The sticker label should not cover any other mandatory information and should adhere to the package during normal handling.


2. When determining whether labels need to be in compliance with the newrequirements, should the determination as to whether my company has $10 million or more in annual food sales be based on domestic food sales or total food sales, including international sales, and how many years of sales should I consider?

To determine whether a company has $10 million or more in annual food sales, a firm can either take the smallest sales volume from the previous three years (e.g., 2013, 2014, and 2015), or alternately the firm can take the average of the previous three years sales volume. A firm’s total (domestic plus international) food sales best reflects the firm’s resources and, thus, ability to comply with the final rules by the applicable compliance date.

3. Are there certain approved companies or nutrition databases that manufacturers can use to get the nutrition values for their products?

FDA does not approve nutrition databases. However, the United States Department of Agriculture provides nutrition information for a number of foods, and there are also several commercially available nutrition databases you can use to determine nutrition values for your products.

4. Who is responsible for the accuracy of the Nutrition Facts label on a food product’s label? Who is responsible for maintaining the records needed to verify the accuracy of certain nutrient declarations, including where a firm may perform operations that include those of an ingredient supplier, a manufacturer of a finished food sold under their own brand name, and/or a labeler that labels the product under the firm’s or another firm’s brand name?

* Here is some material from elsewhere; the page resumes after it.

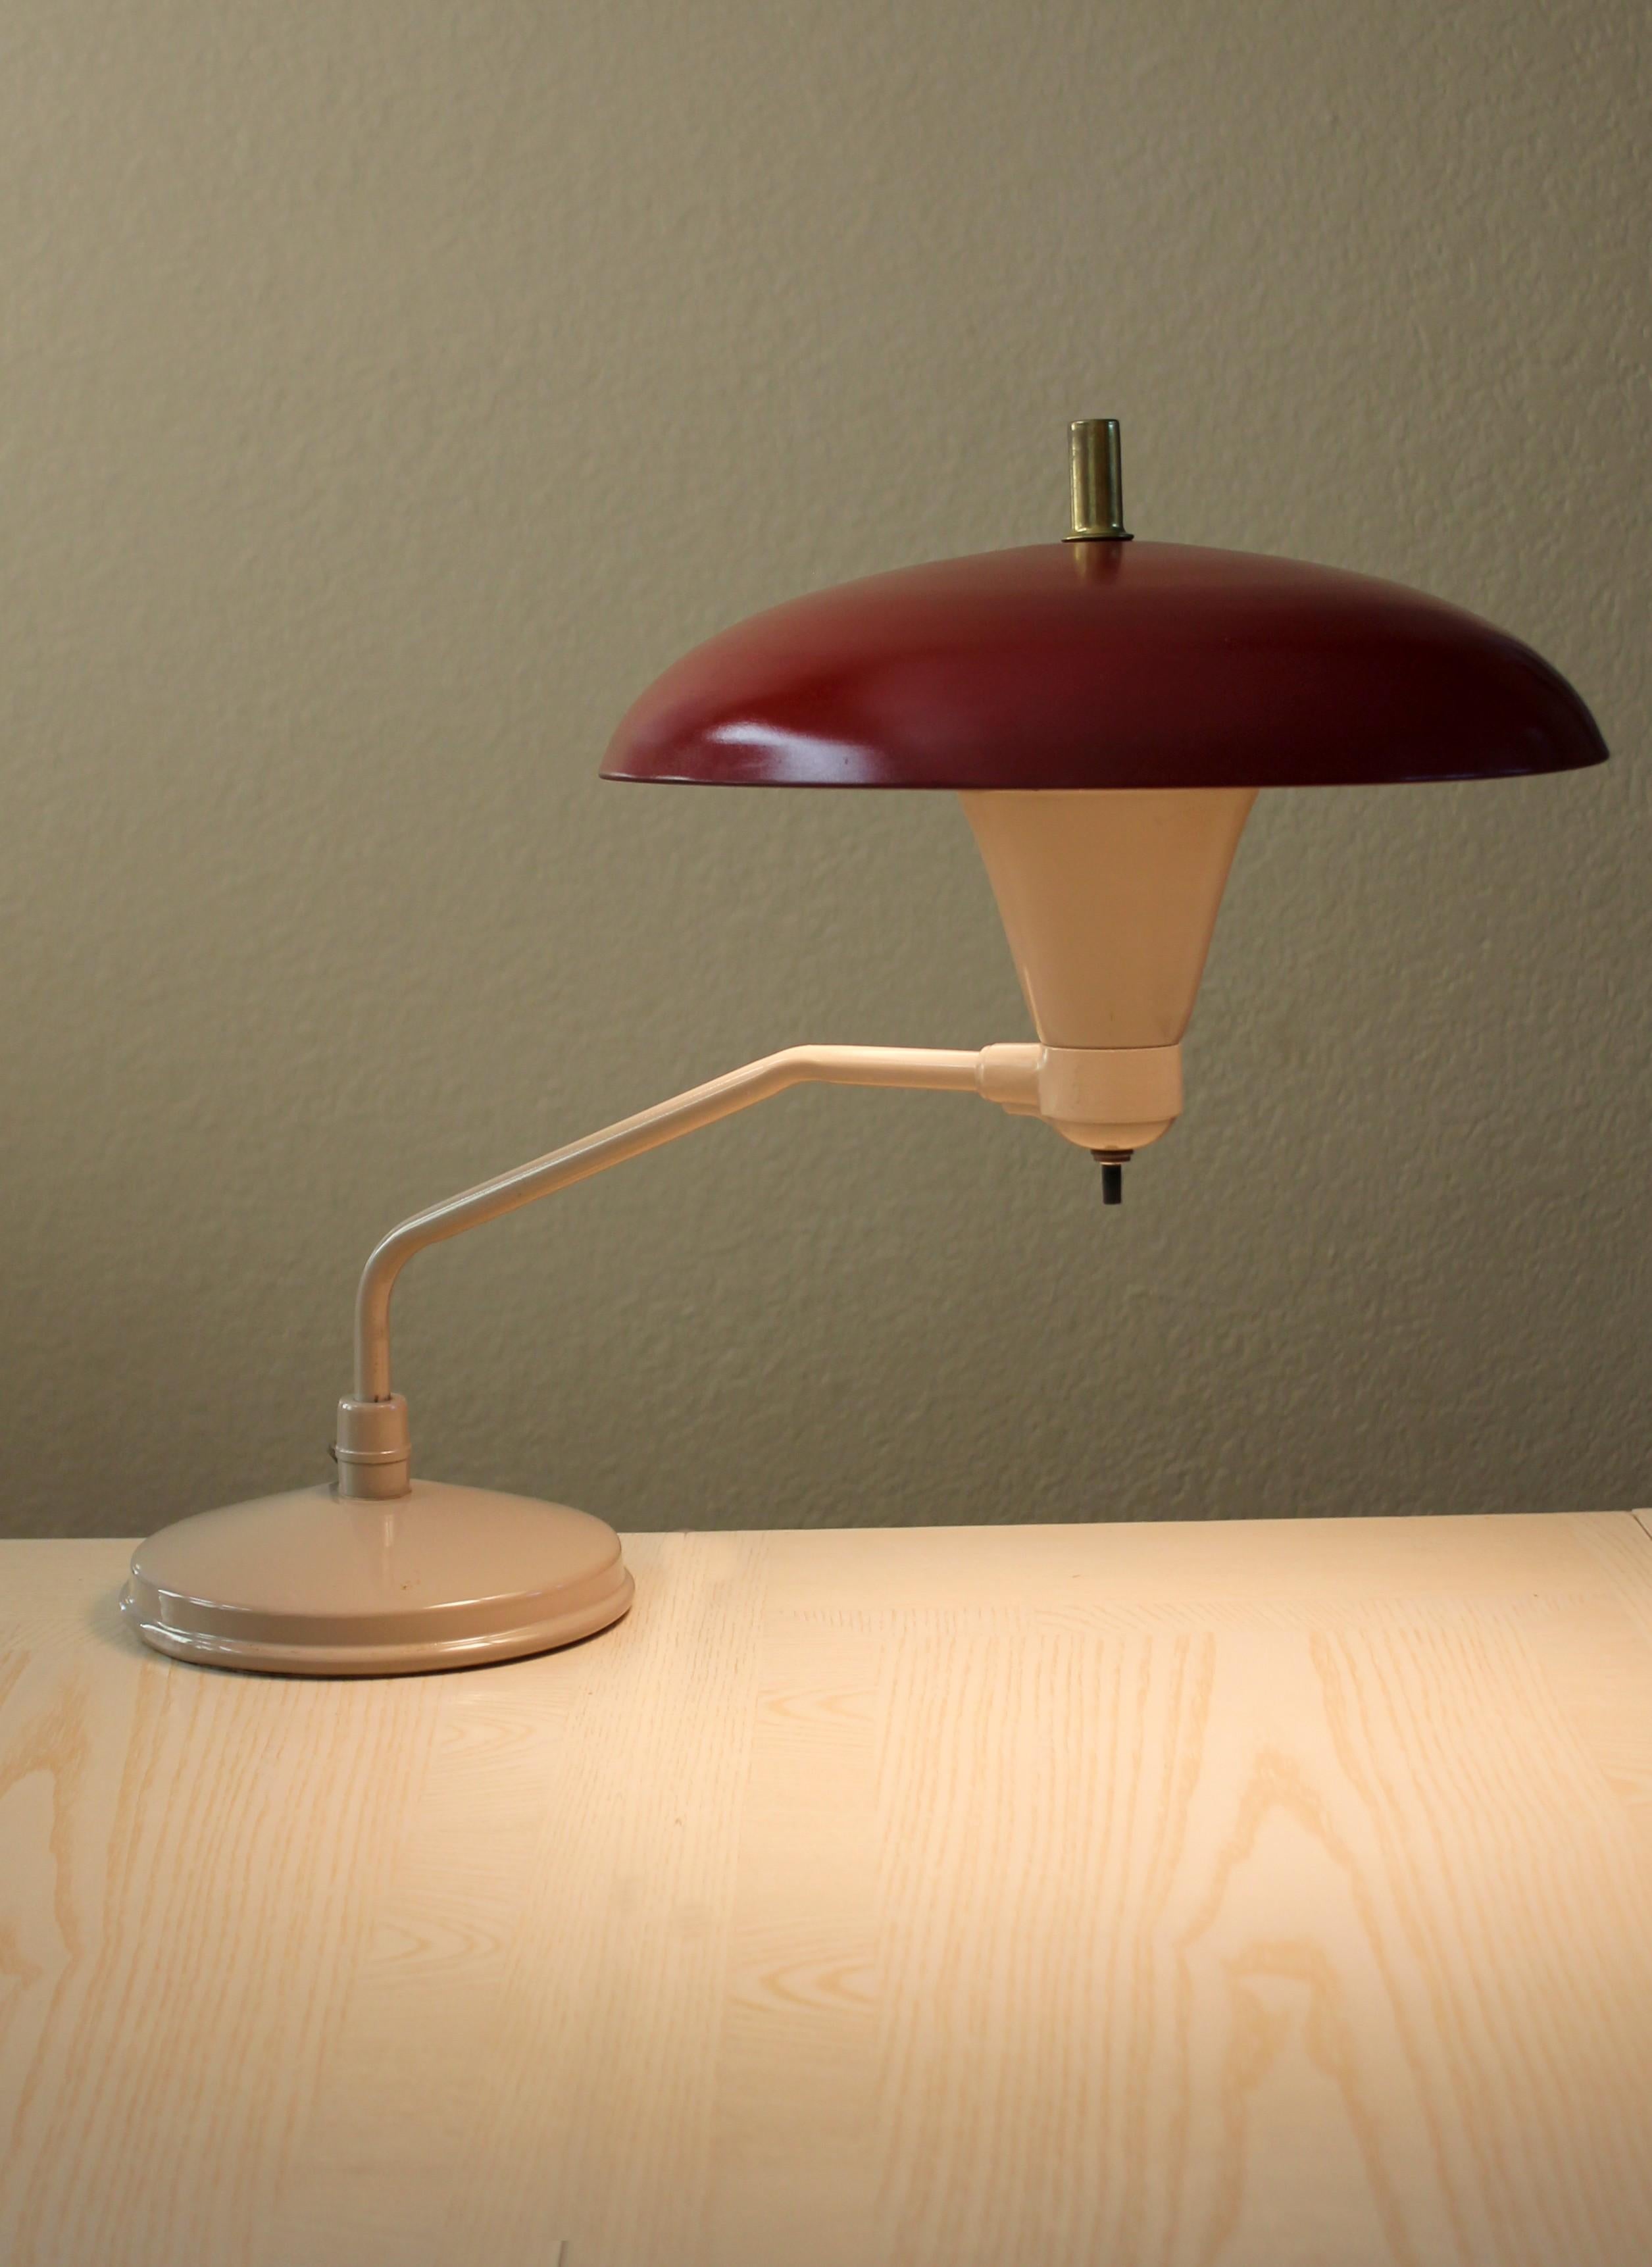 Mid Century Modern Swing Arm Reflector Table Desk Lamp. Saucer Rare 50s Lighting In Good Condition For Sale In Peoria, AZ

The Federal Food, Drug, and Cosmetic Act prohibits a person from introducing or delivering for introduction, or causing the delivery or introduction, into interstate commerce a misbranded food (21 U.S.C. 331(a)). For example, a supplier has responsibility to ensure that the information about the amount of a nutrient in an ingredient it sells to a manufacturer is accurate, where there is no suitable analytical method available that the manufacturer can use to measure the nutrient’s quantity. The manufacturer has responsibility for the accuracy of the nutrient declarations on the label of its food and a manufacturer generally would receive information from its supplier about the amount of the nutrient in the ingredient to ensure the accuracy of the nutrient declaration on the finished food. A distributor that purchases a finished food and then labels the product under its own brand name has responsibility for the accuracy of its food label. Such a distributor also generally would receive information from its supplier (the manufacturer) about the amount of the nutrient in the finished food product to ensure the accuracy of the nutrient declaration on the finished food.

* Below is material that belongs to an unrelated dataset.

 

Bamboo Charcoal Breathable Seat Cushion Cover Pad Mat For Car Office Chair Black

Food manufacturers must make and keep records to support certain nutrient declarations on their product labels (21 CFR 101.9(g)(10)). The recordkeeping requirements specified in 21 CFR 101.9(g), are only for foods for which Association of Official Analytical Chemists (AOAC) International or other reliable and appropriate analytical methods are not available (81 FR 33742 at 33775). The manufacturer of a finished food must make and keep records to support nutrient declarations, as required by 21 CFR 101.9(g)(10) and to make the records available during an inspection. The manufacturer would be expected to have information from its ingredient supplier if an ingredient contains a nutrient added by the supplier for which there is no suitable analytical method available that the manufacturer can use to measure the nutrient’s quantity. In such a case, the amount of the nutrient added may be known only to the supplier. In situations where we inspect a distributor that distributes a product labeled under its own brand name, and that product includes a nutrient for which there is no suitable analytical method available to measure the nutrient’s quantity, we intend to ask the distributor to provide information from the manufacturer that supports the nutrient declaration on the distributor’s label for product the distributor introduced, or delivered for introduction, into interstate commerce. Without such information, it is not clear how a distributor could ensure its labeled nutrient declarations do not misbrand its product.

5. How does FDA intend to exercise enforcement discretion with respect to mandatory nutrition labeling for bottled water products and coffee beans (whole or ground), tea leaves, plain unsweetened coffee and tea, condiment-type dehydrated vegetables, flavor extracts, and food colors that would have been exempt under § 101.9(j)(4) prior to the effective date of the Nutrition Facts label final rule?

FDA intends to exercise enforcement discretion (i.e., we intend to refrain from taking regulatory or compliance actions) against bottled water products and coffee beans (whole or ground), tea leaves, plain unsweetened coffee and tea, condiment-type dehydrated vegetables, flavor extracts, and food colors that would have been exempt under § 101.9(j)(4) with respect to mandatory labeling prior to the effective date of the Nutrition Facts label final rule if these products do not meet the new requirements. We intend to engage in future rulemaking to address issues of mandatory nutrition labeling of these products.

IV. Questions and Answers on Added Sugars

1. What is the definition of added sugars?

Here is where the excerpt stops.